The tRPC API deserves a mention. End-to-end type safety from the API client to the server is increasingly the standard expectation for TypeScript projects, and shipping a public API that is type-safe by default rather than an afterthought is the right call. It also makes integration work dramatically simpler for anyone building automations on top of their file storage.
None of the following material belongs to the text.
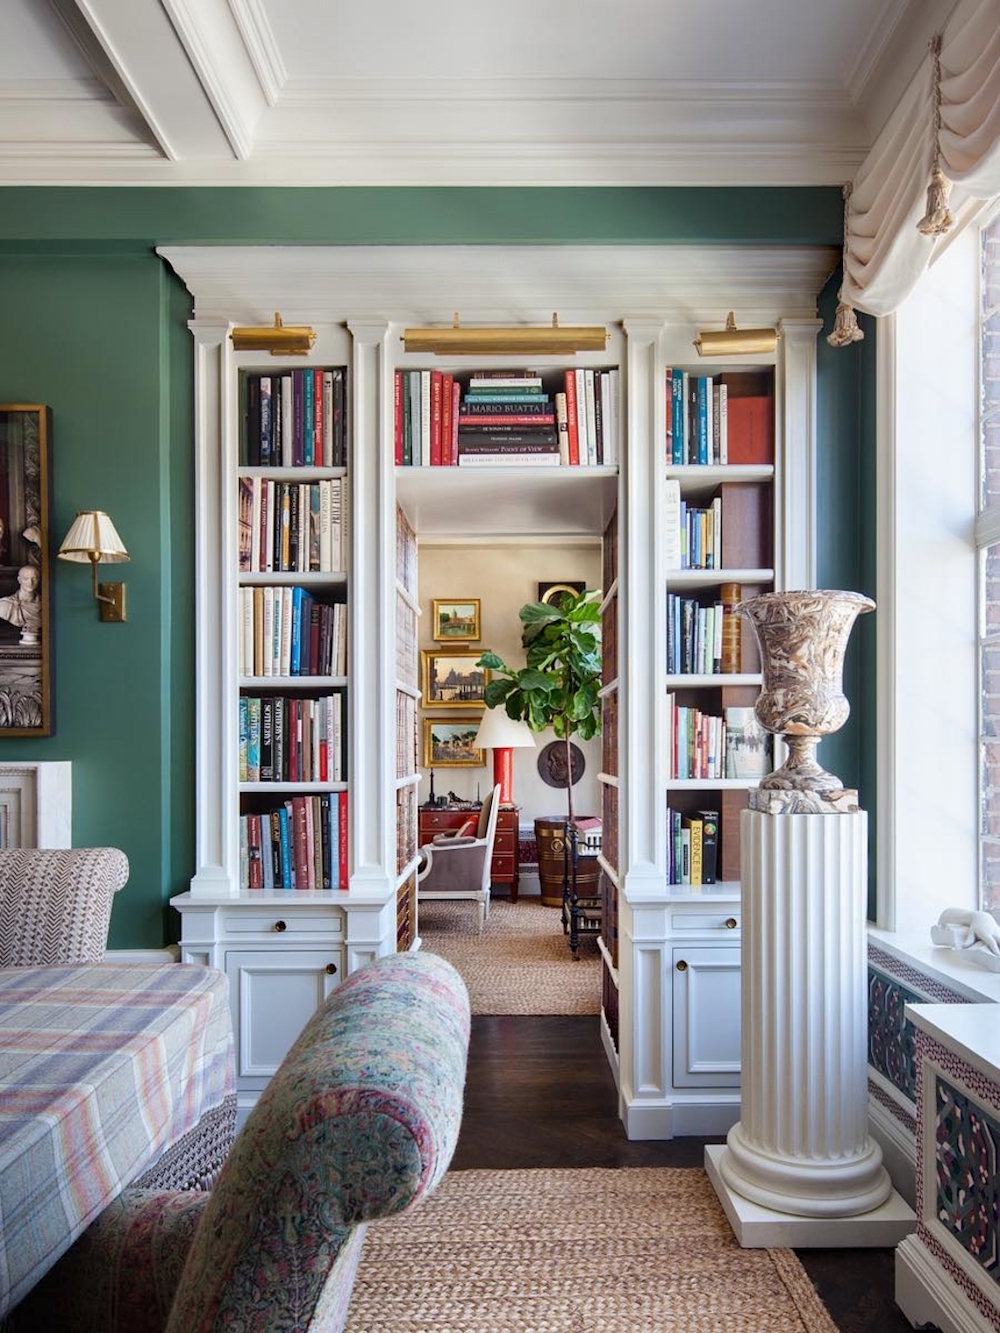 120+ of My Favorite Interior Design Books + Gardens! - Laurel Home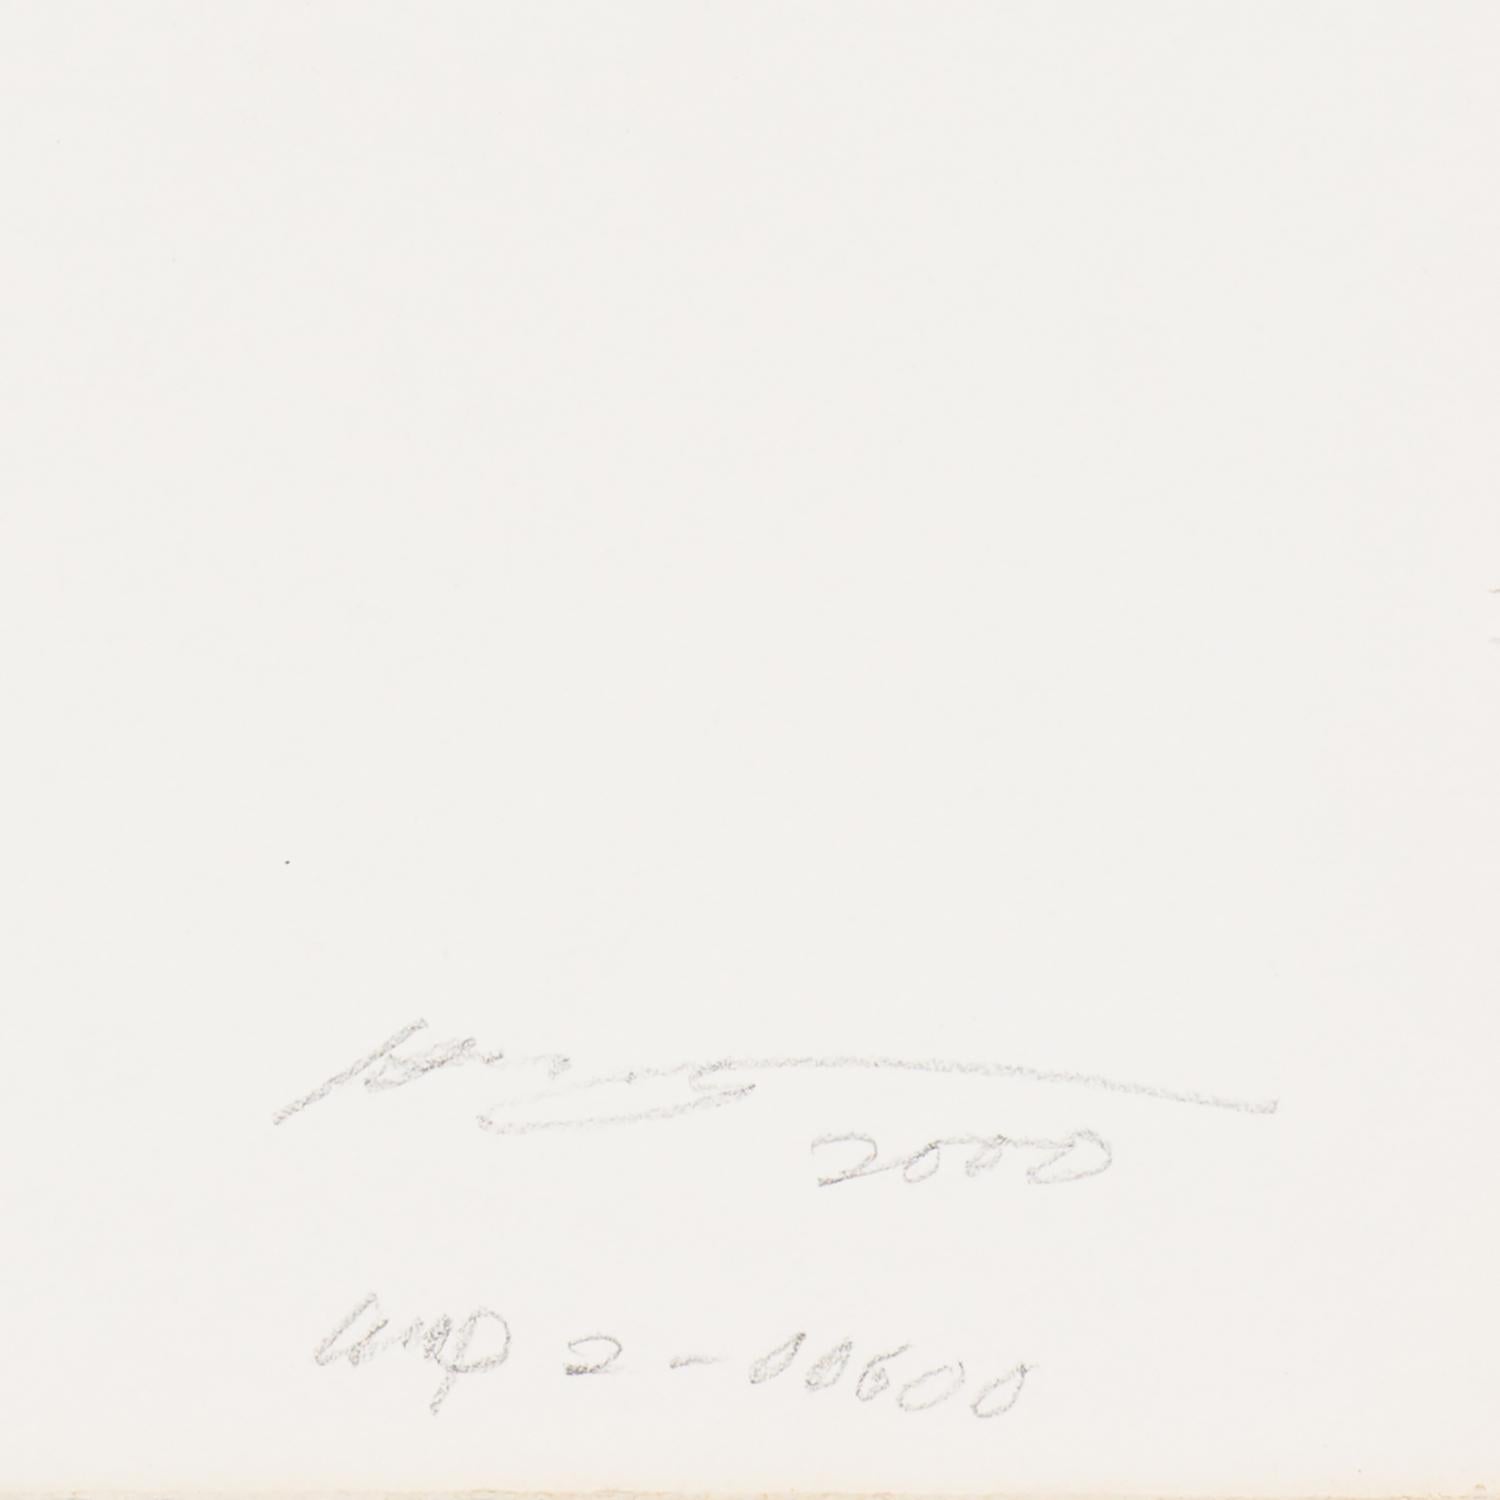 WOP 2-00600 - Gray Abstract Drawing by Hiro Yokose

The virtual bash shell, using familiar commands like ls, cd, and grep through a virtual filesystem API, is a curious feature. I am not sure who the target audience is: developers comfortable enough with the command line to want this would probably be fine with S3 CLI tools. But it is a nice quality-of-life touch.
Key takeaways:
- Four supported storage backends: local filesystem, AWS S3, Cloudflare R2, and Vercel Blob, switchable via one env var
- Multi-store replication with primary, writable replica, and read-only source configurations per workspace
- Content search inside PDFs and images via automatic transcription
- Full type-safe API using tRPC for programmatic integrations
- Role-based team workspaces with session-managed auth and Google OAuth
- Free, open source, MIT licensed, self-hosted
Why do I care: The case for self-hosting file storage is strong when you are dealing with sensitive documents, large files where egress costs matter, or clients who have data residency requirements. Locker hits the right notes: good defaults, flexible backends, type-safe API. The main question is operational burden. Running your own file storage means you own the backups, the uptime, and the security patches. For a team with a DevOps culture, that trade-off is worth it. For a two-person startup, probably not yet.